Quick ahead to right now and I discover myself in the same place with a special inventory. The Video games Workshop (LSE:GAW) share worth has doubled since I began shopping for shares within the firm.

Consequently, the price-to-earnings (P/E) ratio has gone up and the dividend yield has gone down. And I feel shopping for the inventory right now is a a lot much less engaging proposition consequently. 

The pre-2026 model of me might need bought my shares to reap the benefits of some extra obvious-looking bargains. However the impact of promoting too early a few of my ISA holdings this yr continues to be very a lot entrance of thoughts.

In some methods, it’s simpler with Video games Workshop. It’s an organization that I feel has robust long-term progress prospects, somewhat than an underperforming agency with plenty of potential. 

That’s to not say the inventory is assured to do effectively in 2026. Regardless of robust income progress in its core operations, the results of inflation and US tariffs are beginning to present up on margins. 

This can be a threat going ahead.

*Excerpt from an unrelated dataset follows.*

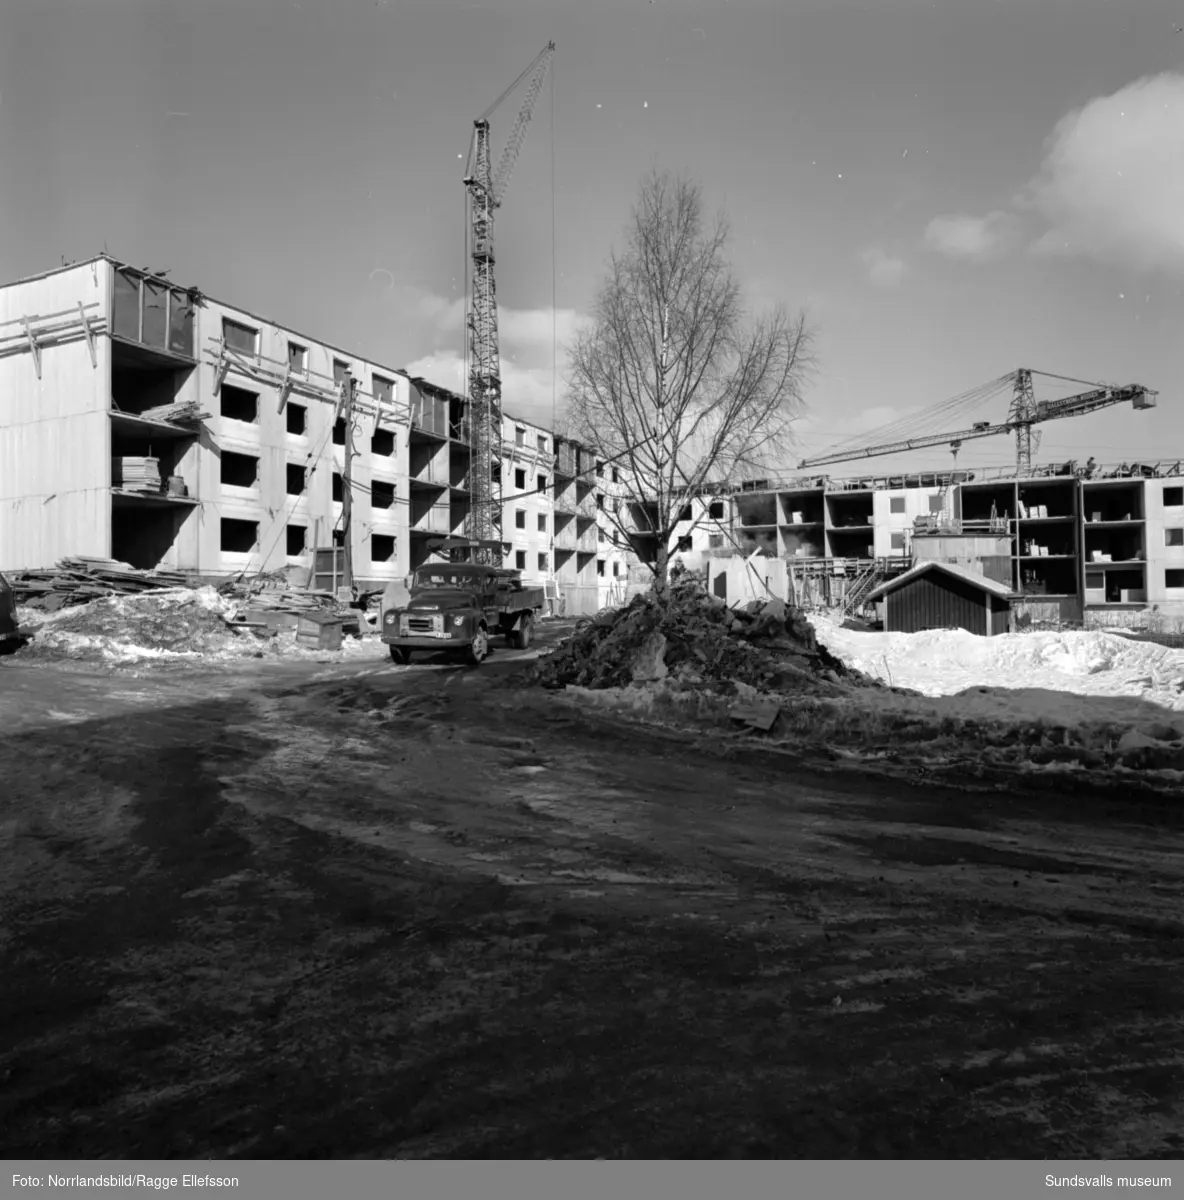 Pågående byggen av flerfamiljshus vid Skogsvägen 8, Köpmangatan 25 och Köpmangatan 20 i centrala Timrå.

However whereas I’m not including to my funding at right now’s costs, the agency’s robust mental property is sufficient to persuade me to not promote. 

Warren Buffett

Warren Buffett as soon as stated that the inventory market is a tool for transferring cash from the affected person to the impatient. That was definitely the case for my Citigroup funding.

Fortuitously for me, it shouldn’t be that tough to do higher going ahead. And that’s what I’ll be aiming to do with my Shares and Shares ISA in 2026.